-- Exercise details --
Take the entries below and print, exactly, the stretch from the line containing "Aikido Marseille" through the line containing "Henri Cartier Bresson, Child", both included.
Records for this exercise START
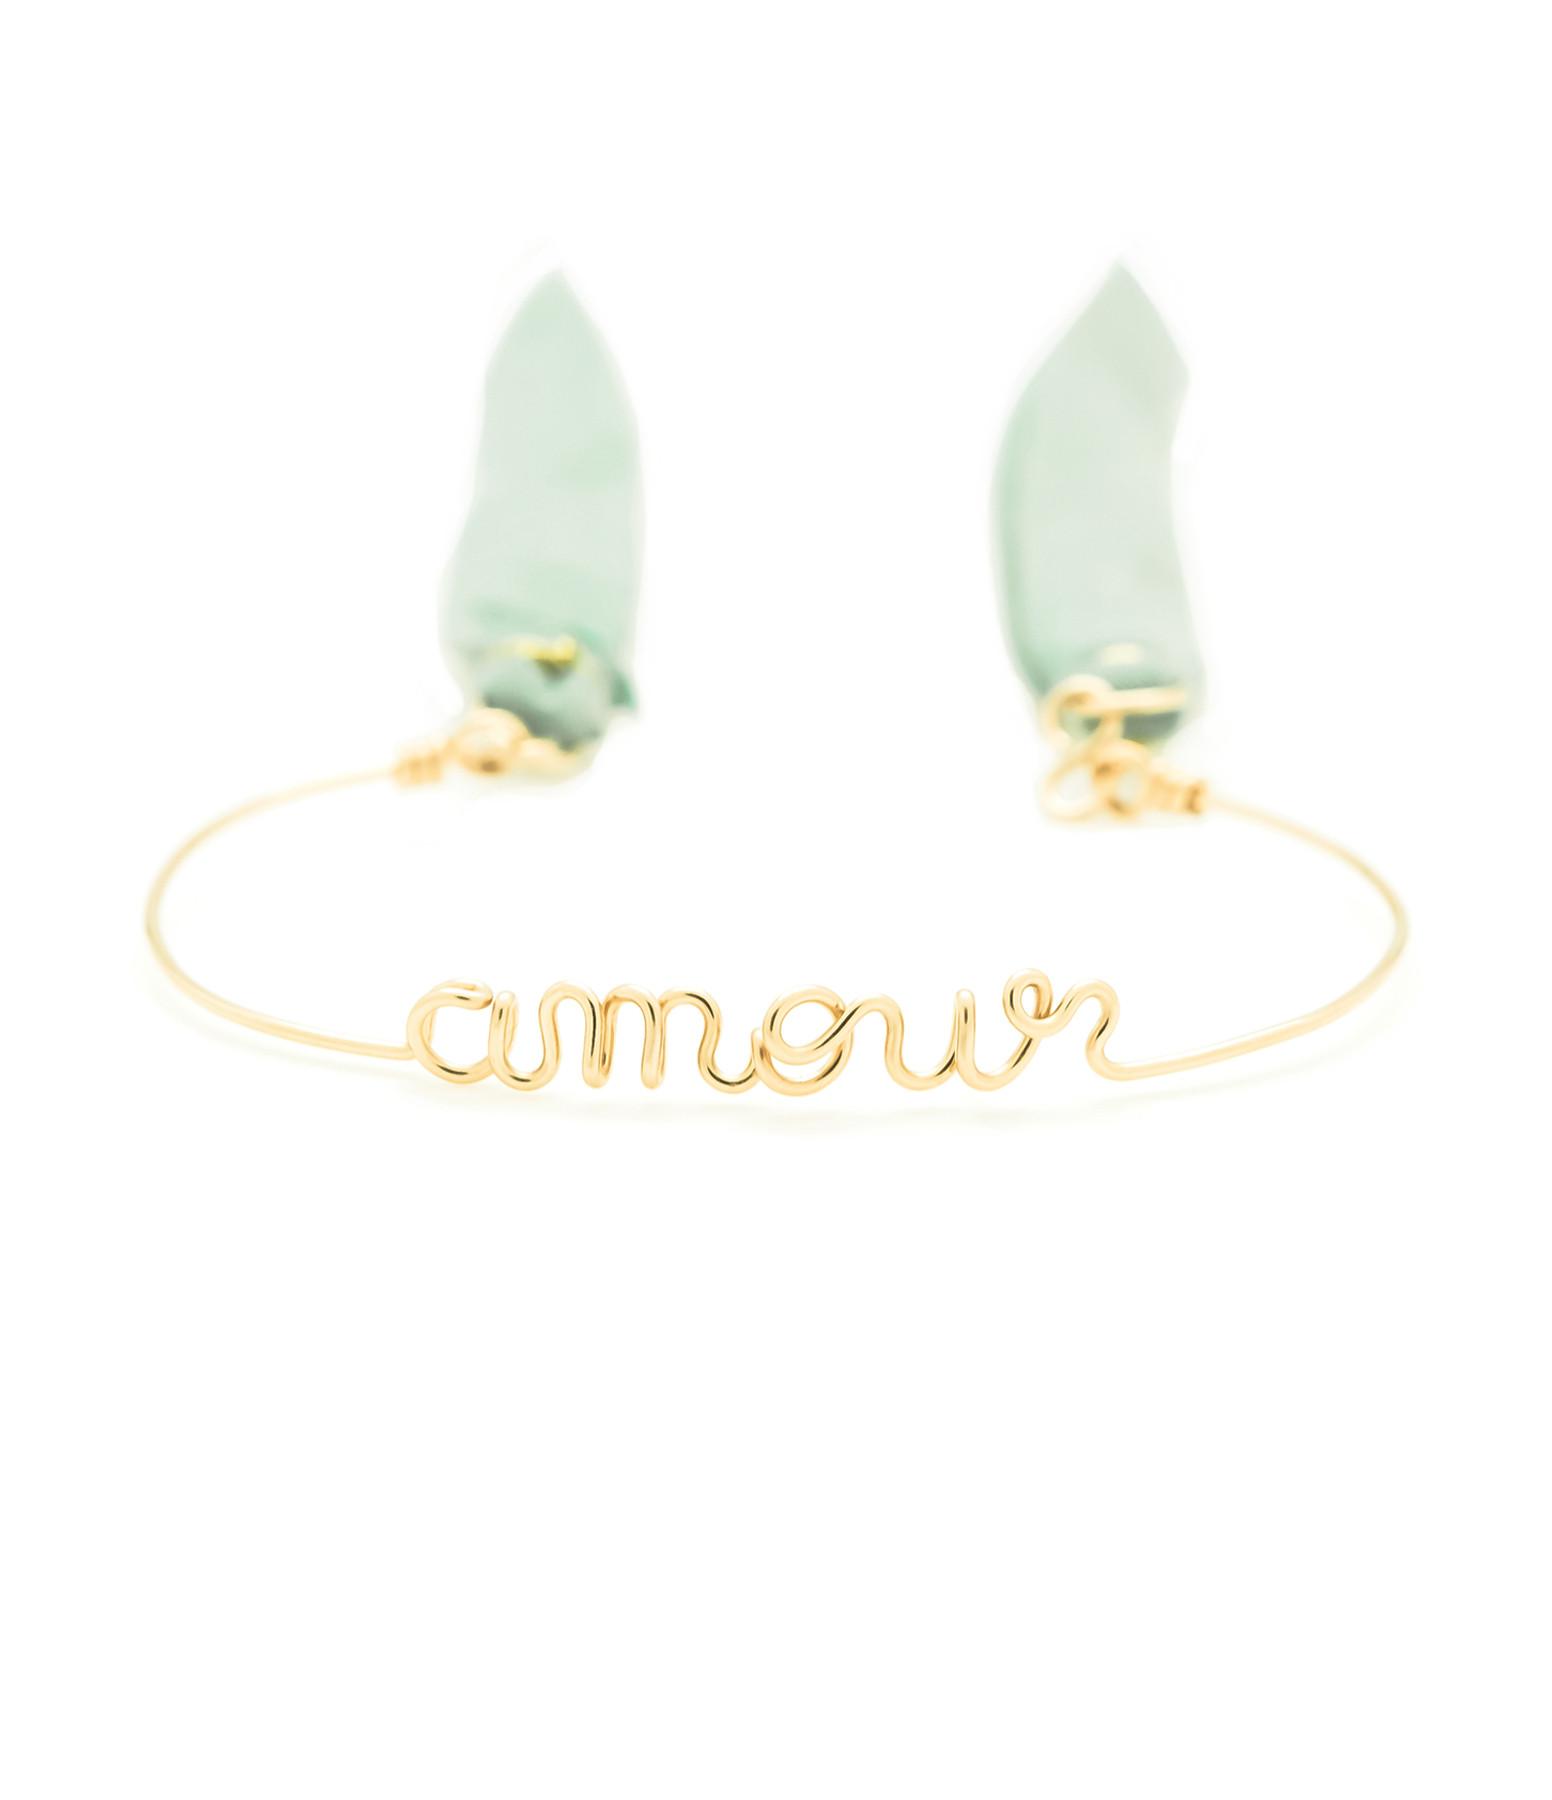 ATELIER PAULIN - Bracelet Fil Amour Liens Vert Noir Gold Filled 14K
Records for this exercise END
Records for this exercise START
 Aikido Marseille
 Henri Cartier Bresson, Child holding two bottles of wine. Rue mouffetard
Records for this exercise END
-- Solved exercise --
 Aikido Marseille
 Henri Cartier Bresson, Child holding two bottles of wine. Rue mouffetard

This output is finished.